Leon Trotsky

Germany and the USSR

(March 1933)


Written in exile in Turkey, March 17, 1933.
Letter signed with a pen-name.
Translated for the Internal Bulletin of the Communist League of America, no.11, March 31, 1933.


The complete absence of resistance on the part of the German workers has provoked certain troubles within our own ranks. We expected that the onward march of the fascist danger would surmount not only the perfidious policy of the reformists but also the ultimatist sabotage of the Stalinists. These hopes were not confirmed. Were our expectations false? This question cannot be put in such a formal manner. We were obliged to proceed from a course based upon resistance and to do all in our power for its realization. To acknowledge a priori the impossibility of resistance would have meant not to push the proletariat forward but to introduce a supplementary demoralizing element.

The events have brought their verification. The first lesson is drawn in Trotsky’s article The Tragedy of the German Proletariat. Now one can say almost with certainty that only a change of conjuncture would create an impulse toward a real mass struggle. In the meantime, the task is mainly one of criticism and preparation. The regime of fascist terror will be a serious test for our cadres as a whole and for each member in particular. It is precisely such a period that steels and educates the revolutionists. So long as the fascists tolerate the existence of the trade unions, it is necessary for the Left Opposition at all costs to penetrate them and take up definite conspiratorial work within them. The transition to illegality does not simply mean to go underground (establishment of an organ in a foreign country, smuggling and distribution, illegal nuclei within the country, etc.), but also ability to undertake conspiratorial work within the mass organizations to the extent that these exist.

The question of the possible role of the Red Army is posed sharply for many comrades. It is evidently not a question of revision of our principled position. If the internal situation in the USSR had permitted, the Soviet government at the time of Hitler’s first approach toward power, should have mobilized some army divisions in White Russia and the Ukraine, naturally under the shield of defending the Soviet borders. Departing from the indisputable idea that the Red Army can only assist and not replace the revolution in another country, some comrades incline to the conclusion that in the absence of open civil war in Germany it would be inadmissible to resort to mobilization in the USSR. To put the question in such a manner is too abstract. Naturally, the Red Army cannot replace the German workers in making the revolution; rather, it can only assist the revolution of the German workers. But in different stages this assistance can have different manifestations. For example, the Red Army can assist the German workers to begin the revolution.

What paralyzed the German proletariat was the feeling of disunity, isolation, and despair. Merely the prospect of armed assistance from the outside would have exercised an enormously encouraging influence upon the vanguard. The first serious act of resistance against Hitler on the part of the German workers could have provoked a breach between fascist Germany and the USSR and could have led to a military solution. The Soviet government cannot have the slightest interest in acting the aggressor. It is not a question of principle but a question of political expediency. To the peasant masses, a war with the objective of assisting the German proletariat would have been hardly comprehensible. But it is possible to draw the peasants into the kind of war which begins as a defense of the Soviet territory against a menacing danger. (All that was said in Trotsky’s History of the Russian Revolution on the subject of defense and offense in regard to revolution relates no less to the question of war.)

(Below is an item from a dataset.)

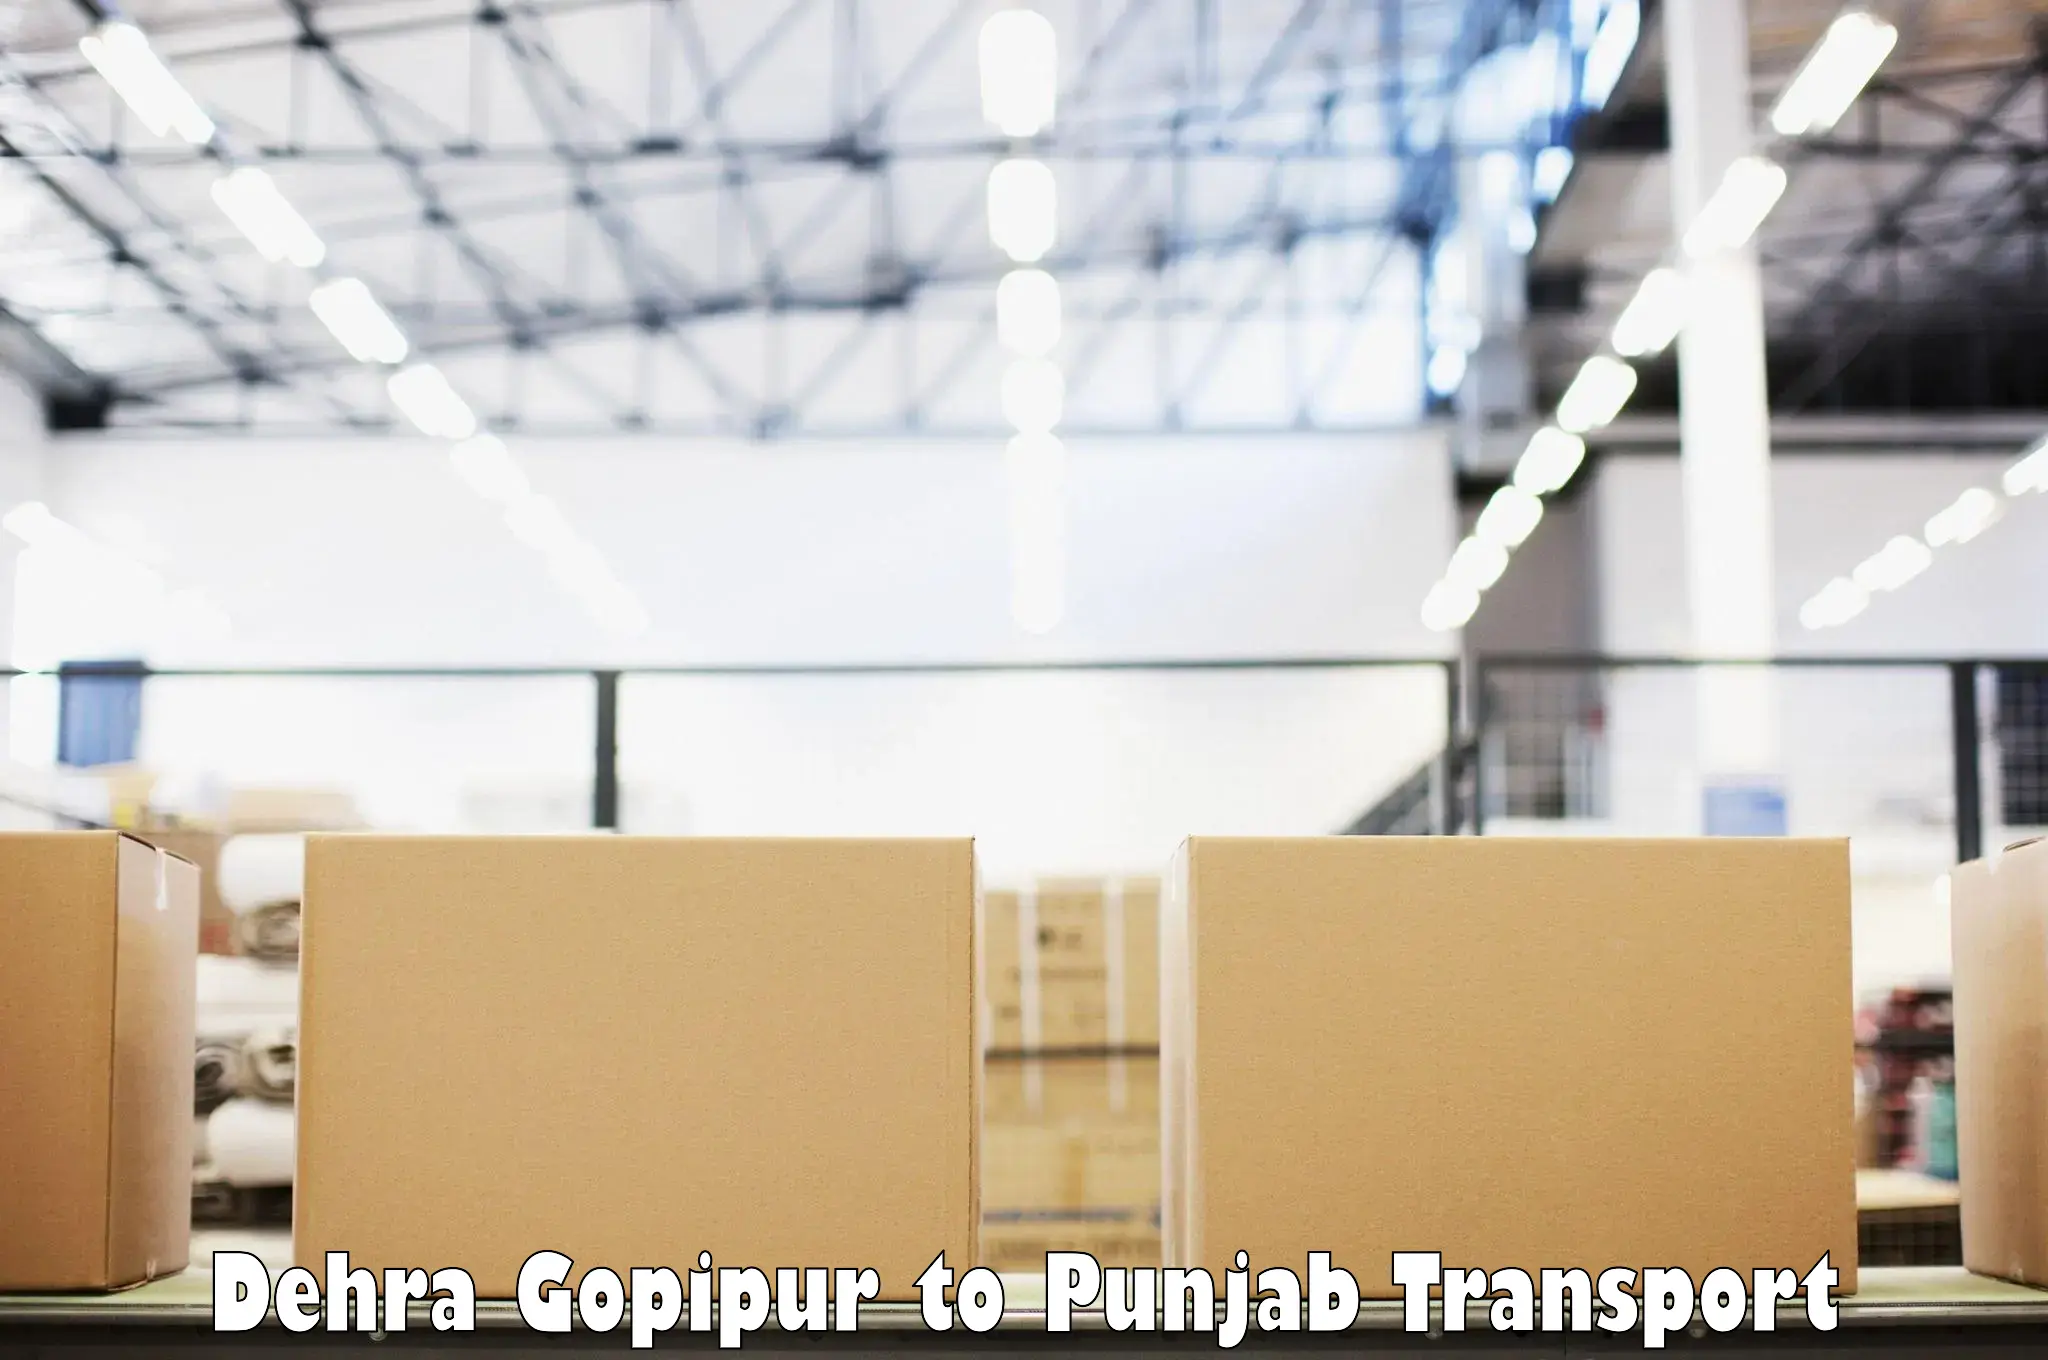 Commercial transport service Dehra Gopipur to Jalandhar
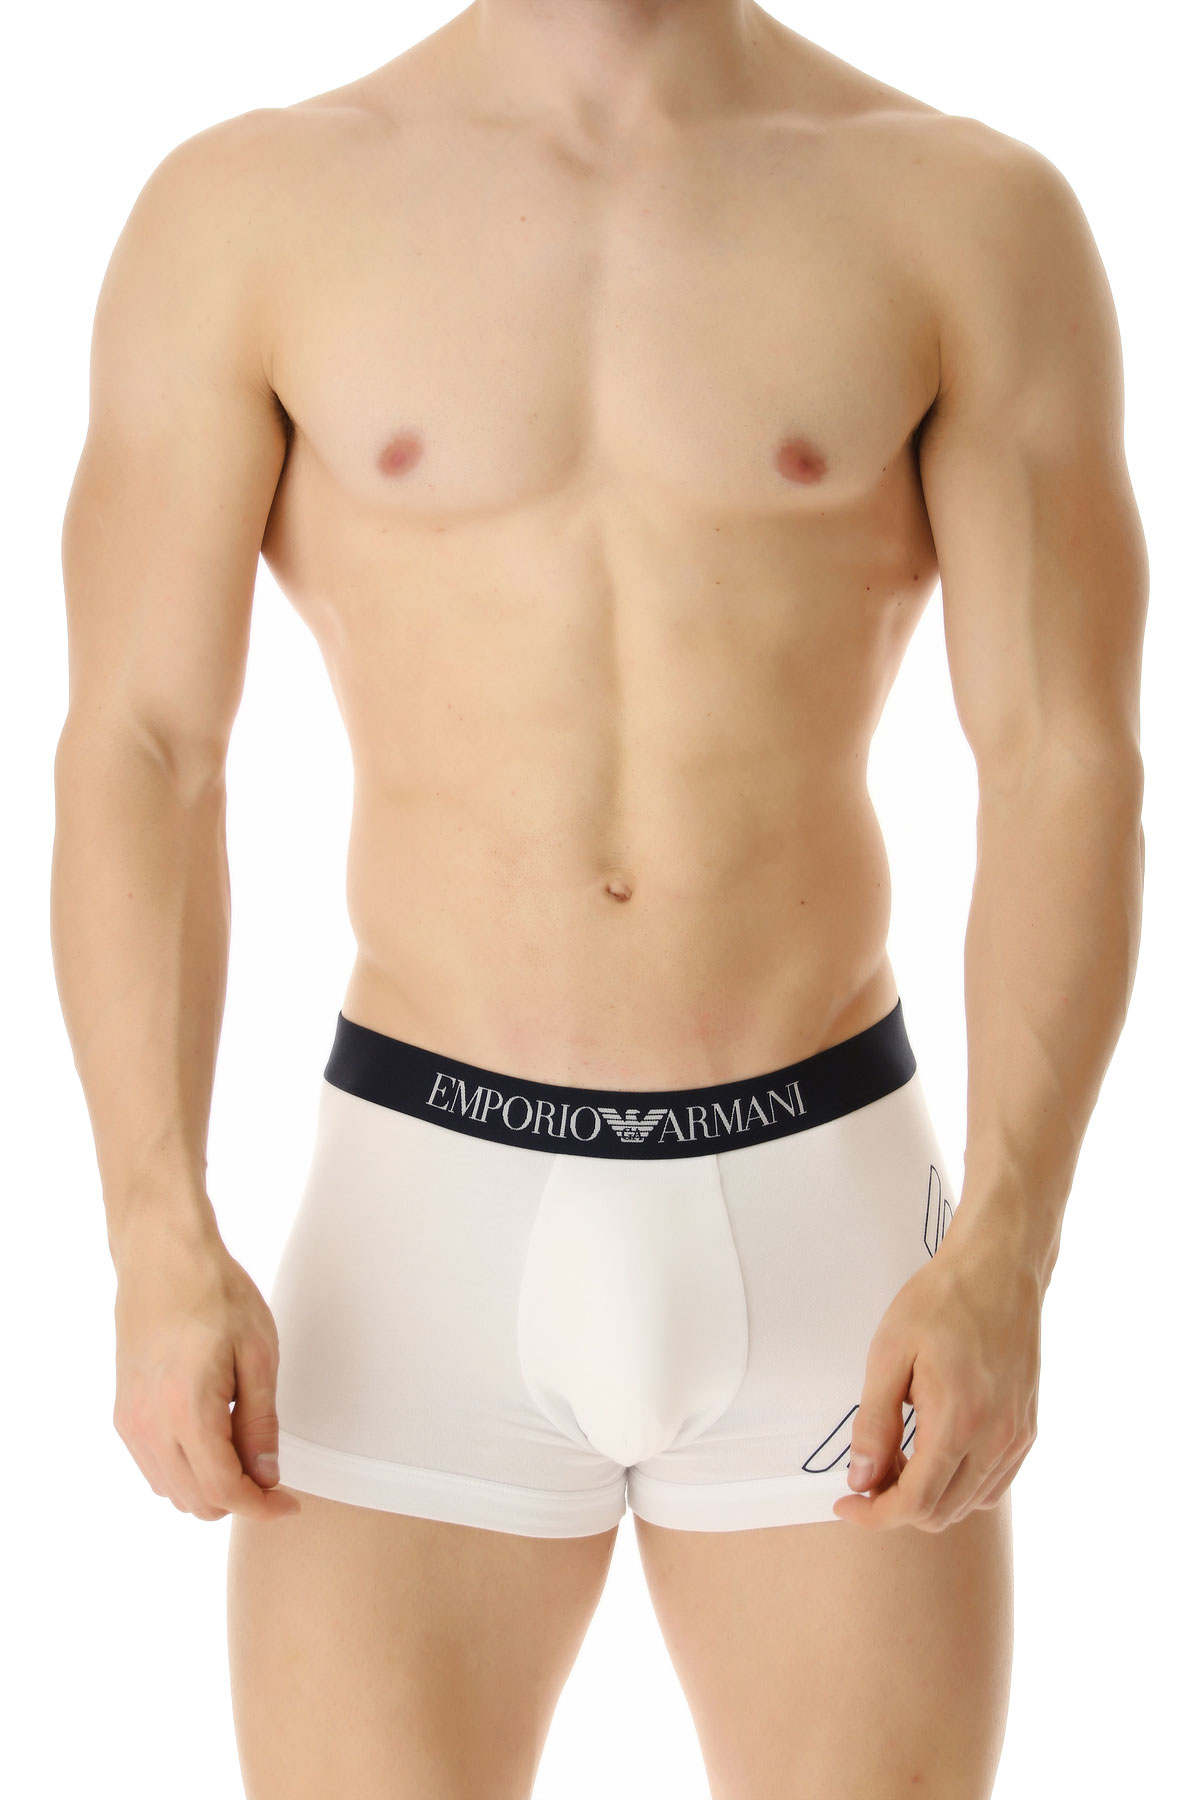 emporio armani underwear australia

The form Red Army action might take in the German events naturally would have to accord completely with the development of those events and with the spirit of the German working masses. But just because the German workers feel themselves unable to break the chains of passivity, the initiative in the struggle, even in the preliminary form mentioned above, would belong to the Red Army. The obstacle to this initiative, however, is not the present situation in Germany, but the situation in the USSR It appears that many foreign comrades give insufficient attention to this side of the question. It is more than a year since we spoke of the necessity of the intervention of the Red Army in case fascism should come to power. In this we based our thinking on the hope that not only in Germany but also in Russia the necessary political change would be produced which would improve the economic situation, and that thereby the Soviet power would have acquired the necessary freedom of movement. In reality, however, the internal developments during the last year have assumed an extremely unfavorable character. The economic situation as well as the spirit of the masses renders a war difficult in the highest degree. All information from the USSR affirms that under the present conditions the slogan of military assistance to the German proletariat would appear even to the advanced Russian workers as unrealizable, unreal, and fantastic.

We do not yield one iota of our principled position. While the position of active internationalism serves us today above all for the purpose of pursuing an unmerciful criticism of the Stalinist bureaucracy, which in the decisive hour paralyzes the workers’ state, yet we can in no case leave the objective situation out of consideration: the consequences of the mistakes have become transformed into objective factors. To demand the mobilization of the Red Army under the present conditions would be sheer adventurism. But so much more resolutely must we then demand a change in the policy of the USSR in the name of consolidation of the proletarian dictatorship and the active role of the Red Army.